La entrada original la pueden encontrar en el blog La hora del desmadre AQUÍ (en serio, échenle una miradita al blog, es joven, pero tiene artículos muy interesantes).




De todo aquello que no es un «conti plz!»



Con tantas plataformas de publicación gratuita no resulta extraño que la escritura, como afición, se encuentre en uno de sus momentos más importantes. La atención que pueden llegar a alcanzar personas que publican en sitios como Wattpad, Fanfiction.net, Fictionpress, etc., puede resultar abrumadora y hasta un poco descabellada tomando en cuenta que la mayoría sólo ve en esto una suerte de pasatiempo (sin  mencionar a aquellos que han terminado siendo publicados). La escritura es una pasión que desean compartir con los demás. El alcance y el éxito varía, por supuesto, pero igual resulta ingenuo calificar de «escritor» o de «novela exitosa» a una persona/trabajo basándose únicamente en la cantidad de lecturas o comentarios que recibe. La Literatura como arte exige criterios mucho más maduros y estrictos que deben ser respetados, y aunque el facfiction es un fenómeno literario, hay ciertas licencias que lo hacen más accesible y menos escrupuloso; sin embargo, la mayoría del tiempo esto depende más de la persona que se dedica a escribir fanfiction, su grado de compromiso y seriedad, que de las bases que sustentan al género.

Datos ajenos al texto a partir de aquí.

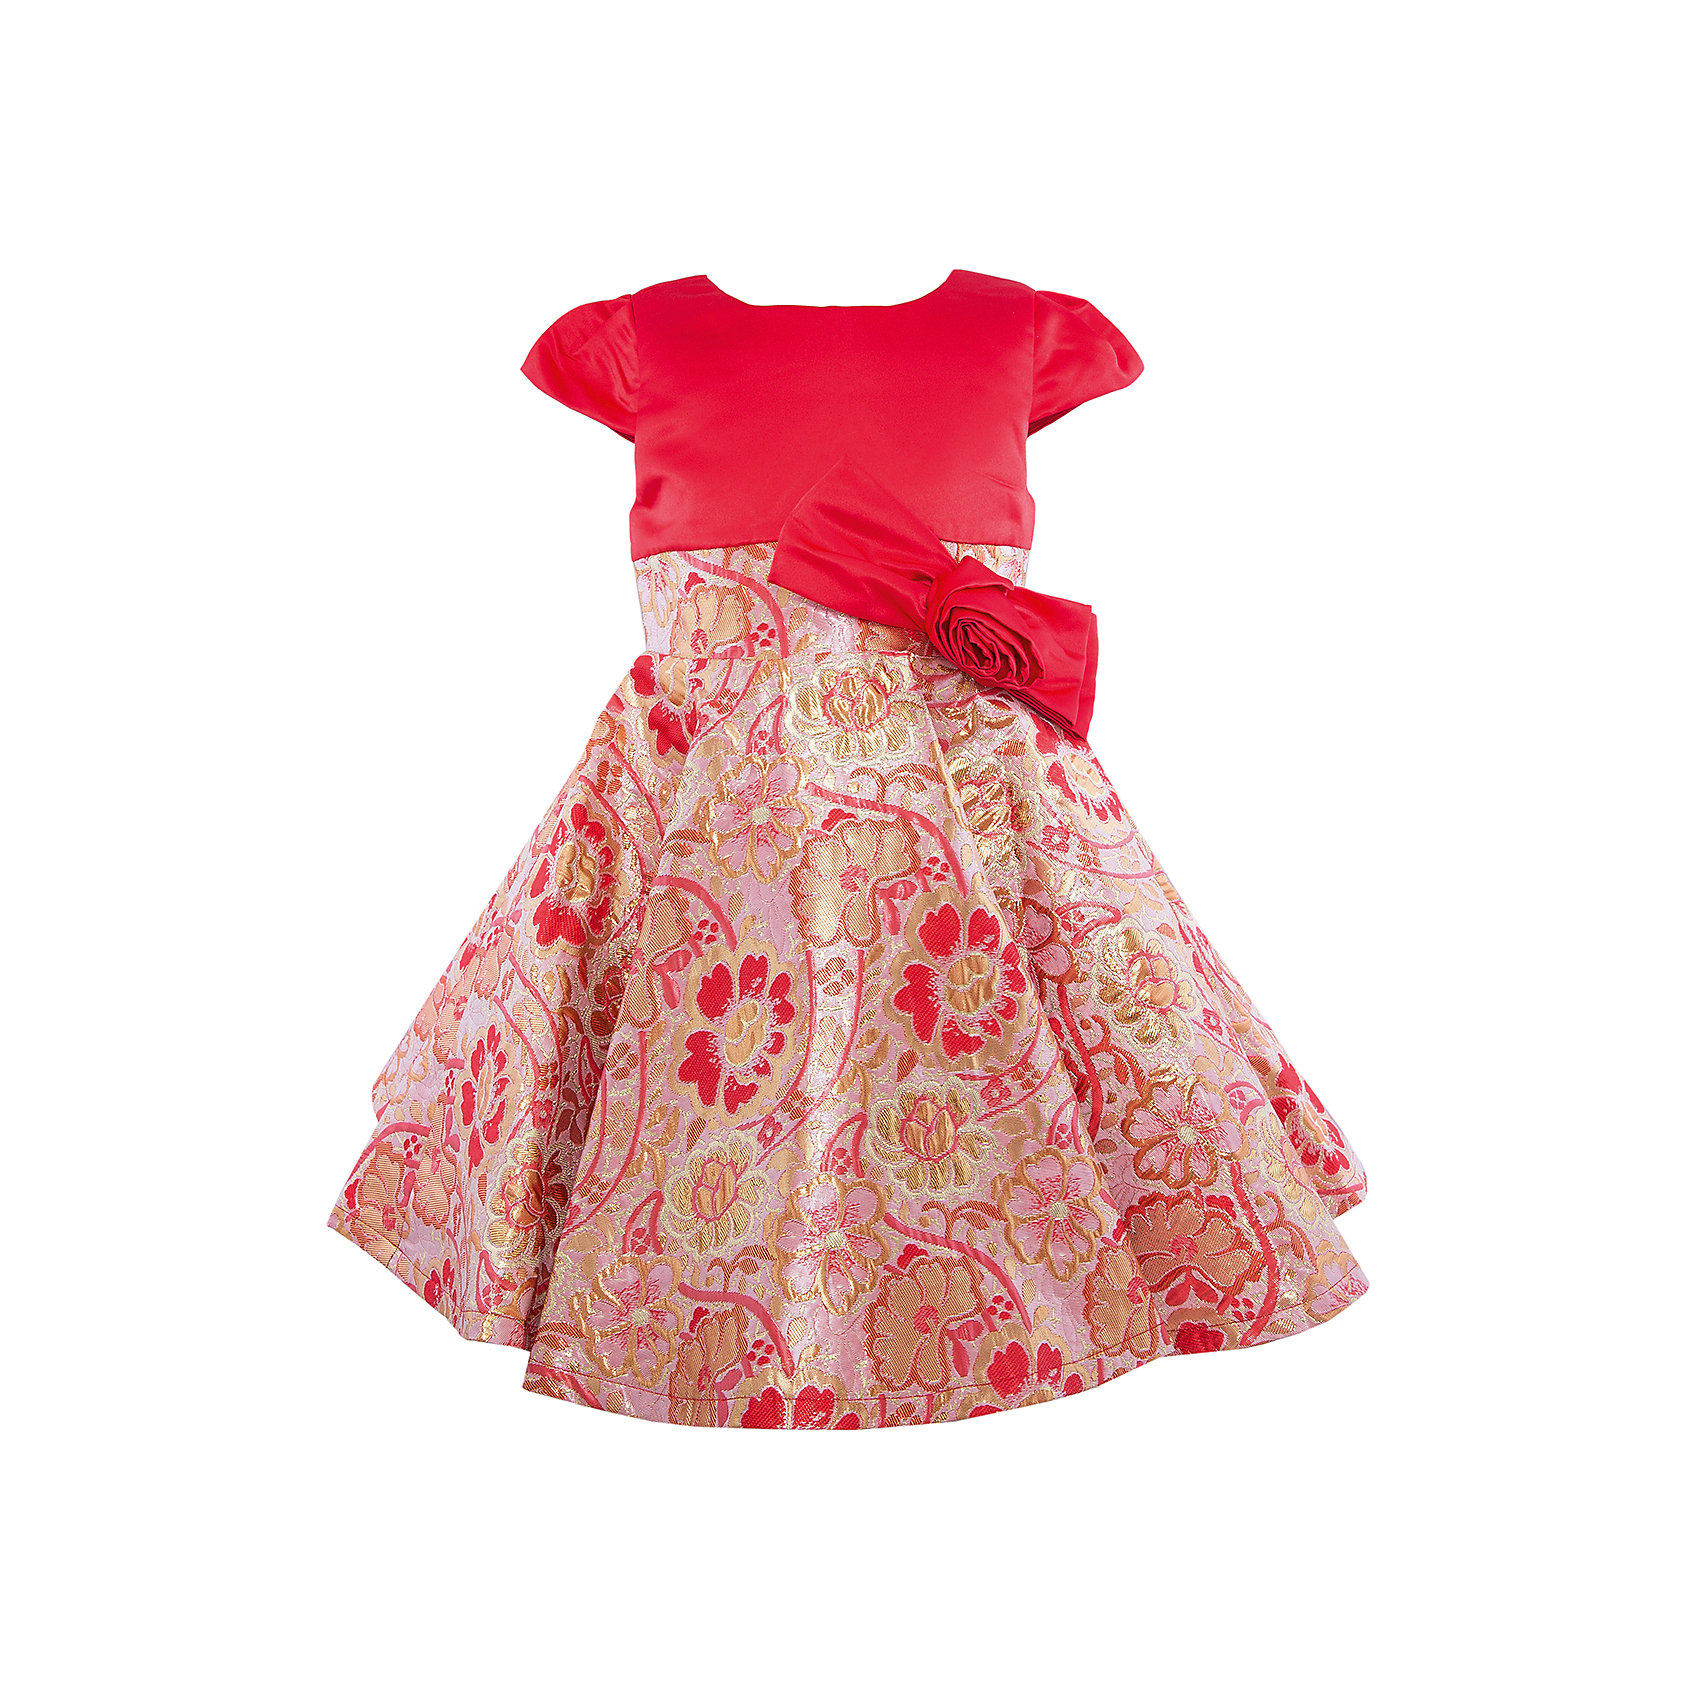 Нарядное платье для девочки Sweet BerryОдежда<br>Характеристики:<br><br>• Вид одежды: платье<br>• Предназначение: для праздника, торжеств<br>• Сезон: круглый год<br>• Материал: верх – 100% полиэстер; подкладка – 100% хлопок<br>• Цвет: красный, золотистый<br>• Силуэт: классический А-силуэт<br>• Длина платья: миди<br>• Вырез горловины: круглый<br>• Наличие банта с объемной розой<br>• Застежка: молния на спинке<br>• Особенности ухода: ручная стирка без применения отбеливающих средств, глажение при низкой температуре <br><br>Sweet Berry – это производитель, который сочетает в своей одежде функциональность, качество, стиль и следование современным мировым тенденциям в детской текстильной индустрии. <br>Комбинированное платье для девочки от знаменитого производителя детской одежды Sweet Berry выполнено из полиэстера с хлопковой подкладкой. Изделие имеет классический силуэт с отрезной талией и пышную юбку-солнце. Пышность и объем юбке придает подъюбник. Полочка выполнена из красного атласа, юбка из ткани в жаккардовый цветочный узор золотистого цвета. Талия декорирована бантом с объемной розой. Праздничное платье от Sweet Berry – это залог успеха вашего ребенка на любом торжестве!<br><br>Платье для девочки Sweet Berry можно купить в нашем интернет-магазине.<br><br>Ширина мм: 236<br>Глубина мм: 16<br>Высота мм: 184<br>Вес г: 177<br>Цвет: красный<br>Возраст от месяцев: 36<br>Возраст до месяцев: 48<br>Пол: Женский<br>Возраст: Детский<br>Размер: 104,98,110,116,122,128<br>SKU: 5052133

Pero una cosa en las que sí se suele coincidir es en la retroalimentación. No se debe olvidar que sin esta  la comunicación como tal no existe, y muchas veces la intención de la persona que escribe fanfiction es crear una conexión entre su trabajo, sus ideas y la de los demás, es decir, crear un puente que comunique a personas con gustos similares para compartir y ampliar horizontes. Y cuando se habla de fanfiction la forma de retroalimentación más común son los comentarios.
No resulta extraño encontrar, al final de cada capítulo, anotaciones por partes del autor tales como: «los comentarios son bienvenidos», «si les gustó, no olviden comentar», etc. Varían según la creatividad de la persona y el grado de atención que deseen despertar en el lector; pero, al final del día, todos significan lo mismo: escribe un comentario/opinión/crítica por favor.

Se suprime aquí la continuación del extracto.